## [What you should do]
Would you transcribe only the lines below, from the one containing "quality design 73b30" through the end of the material, exactly and with no pictures?

## [Material provided]
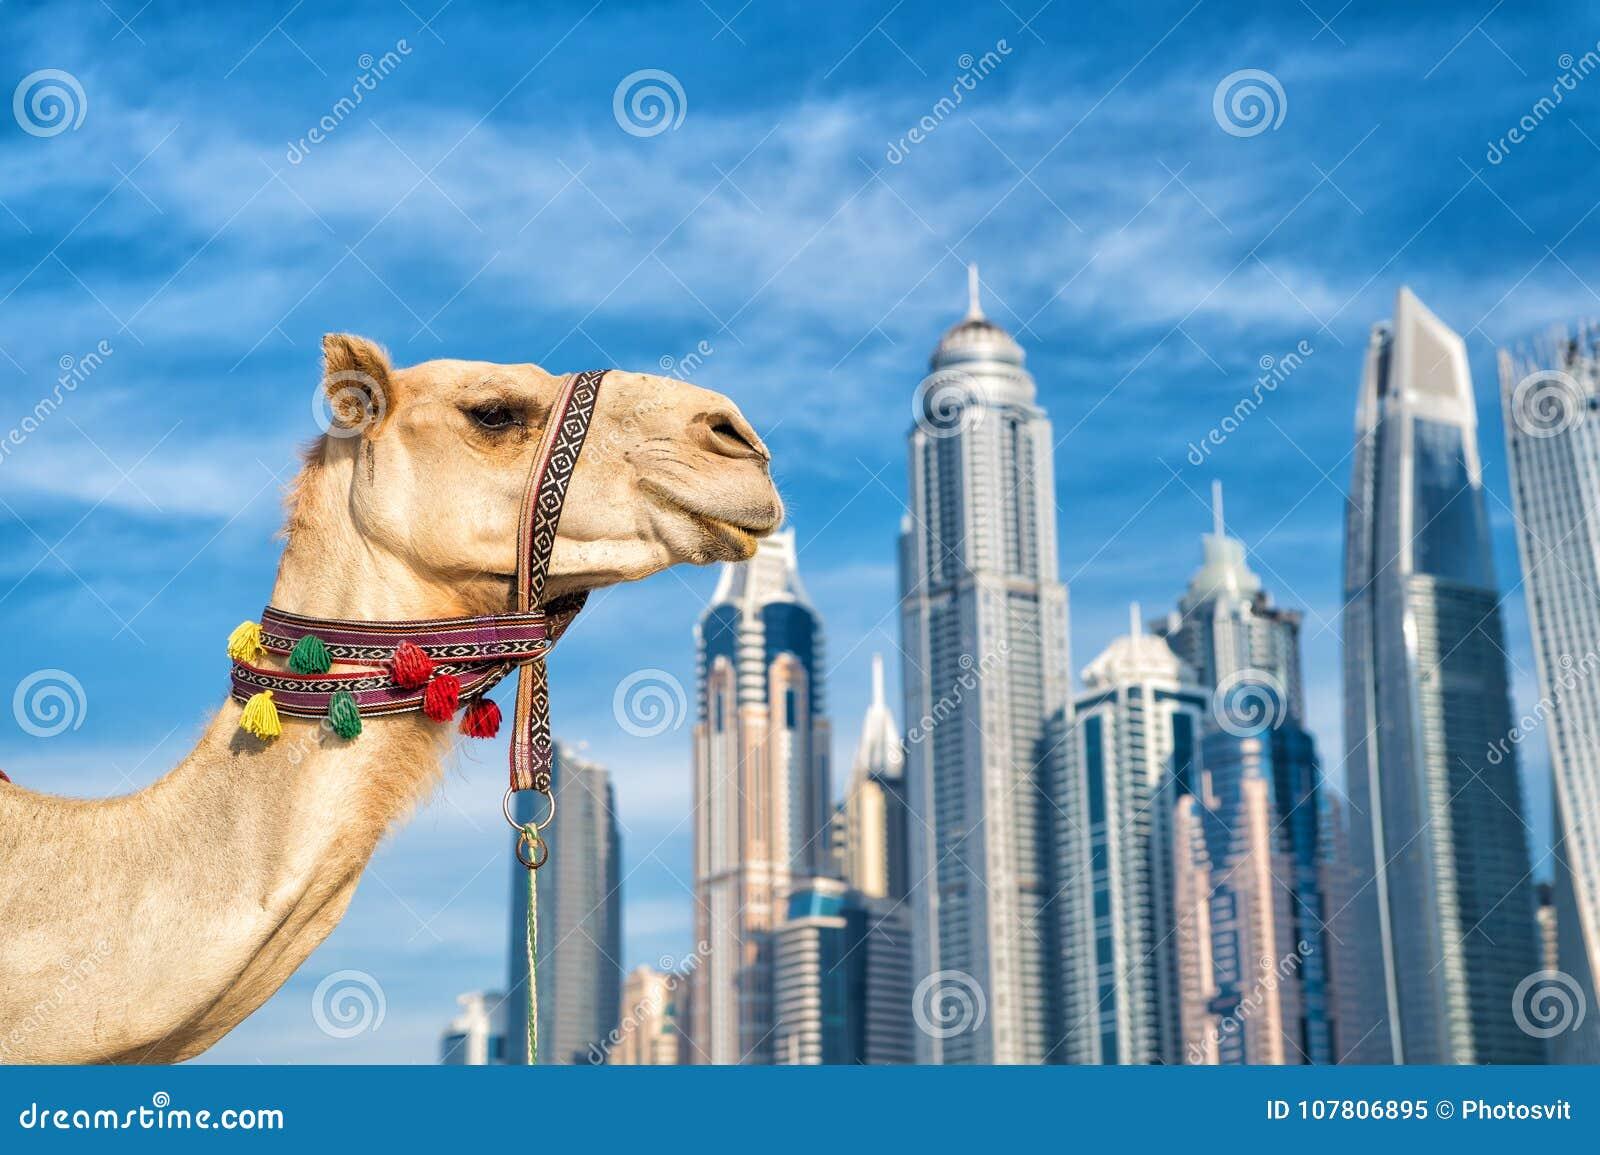 Стиль пляжа Марины JBR ОАЭ Дубай: верблюды и небоскребы современный стиль дела зданий история ОАЭ и современное
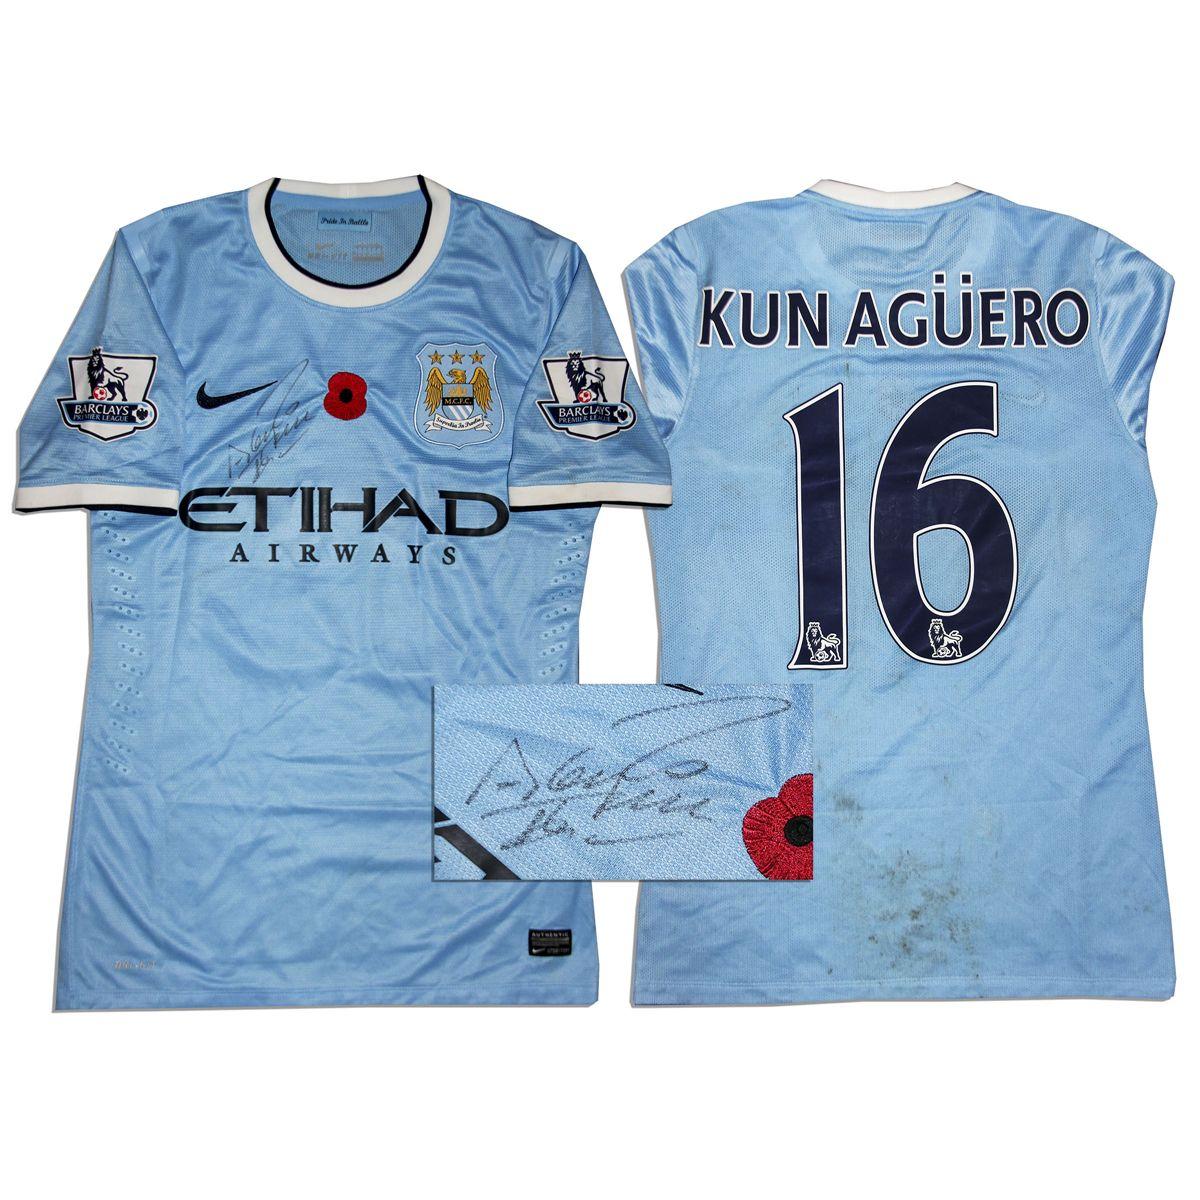 quality design 73b30 eea92 Aguero Match Worn Manchester City Shirt Signed
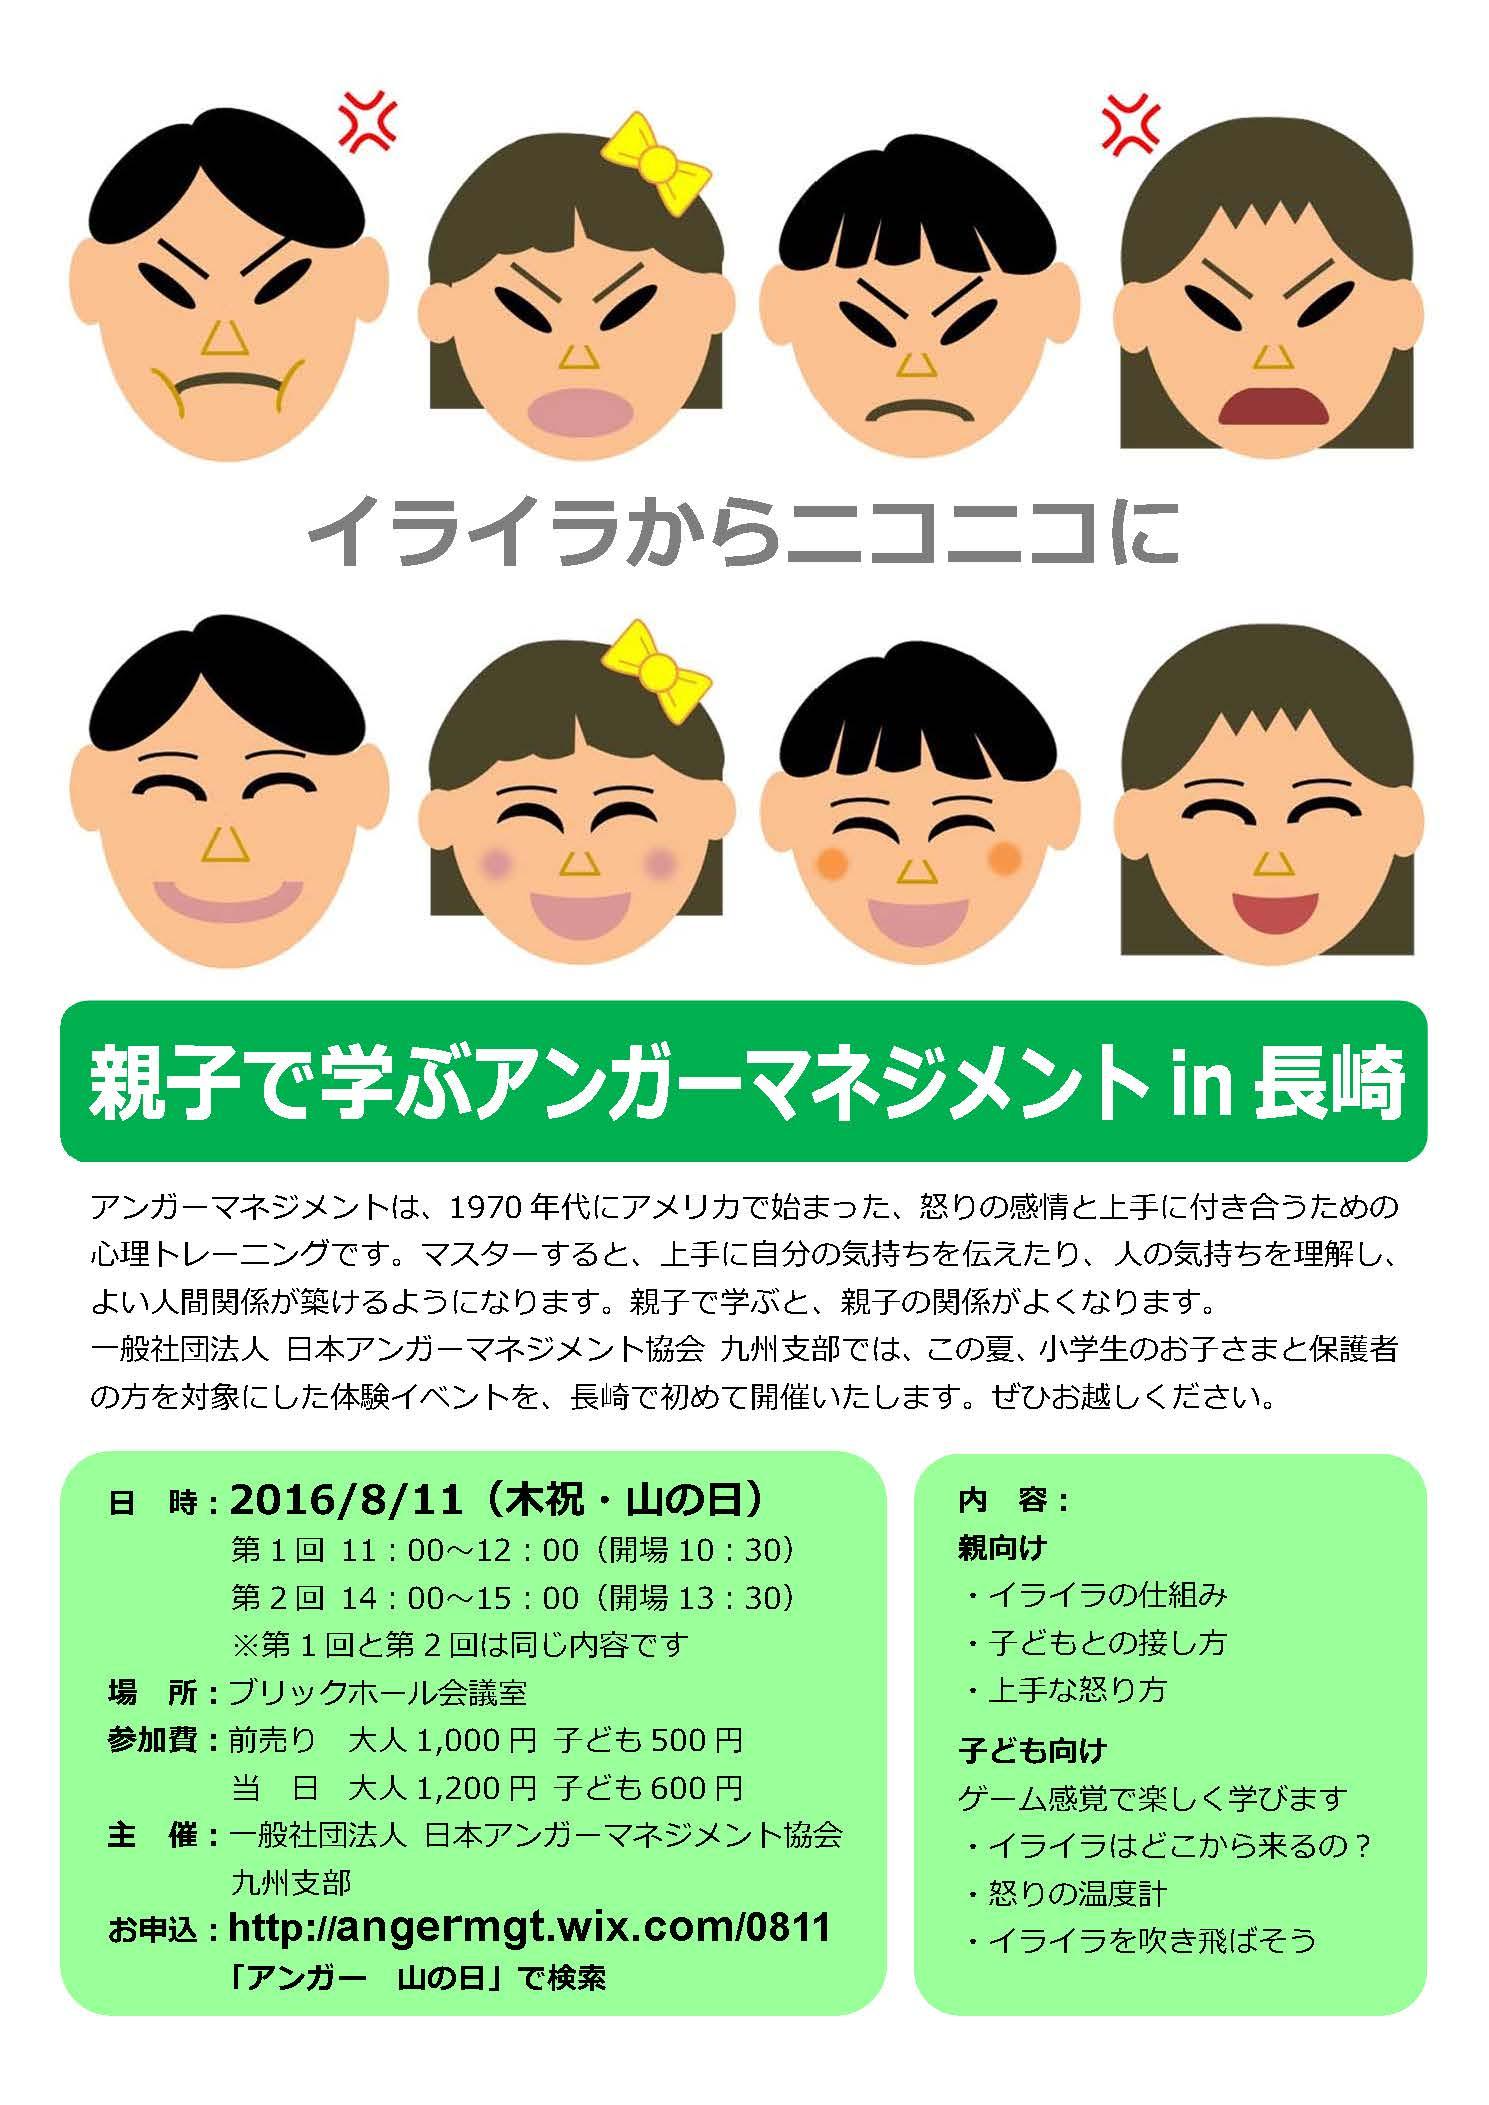 親子で学ぶアンガーマネジメント in 長崎 山の日

## [Answer for this exercise]
 quality design 73b30 eea92 Aguero Match Worn Manchester City Shirt Signed
 親子で学ぶアンガーマネジメント in 長崎 山の日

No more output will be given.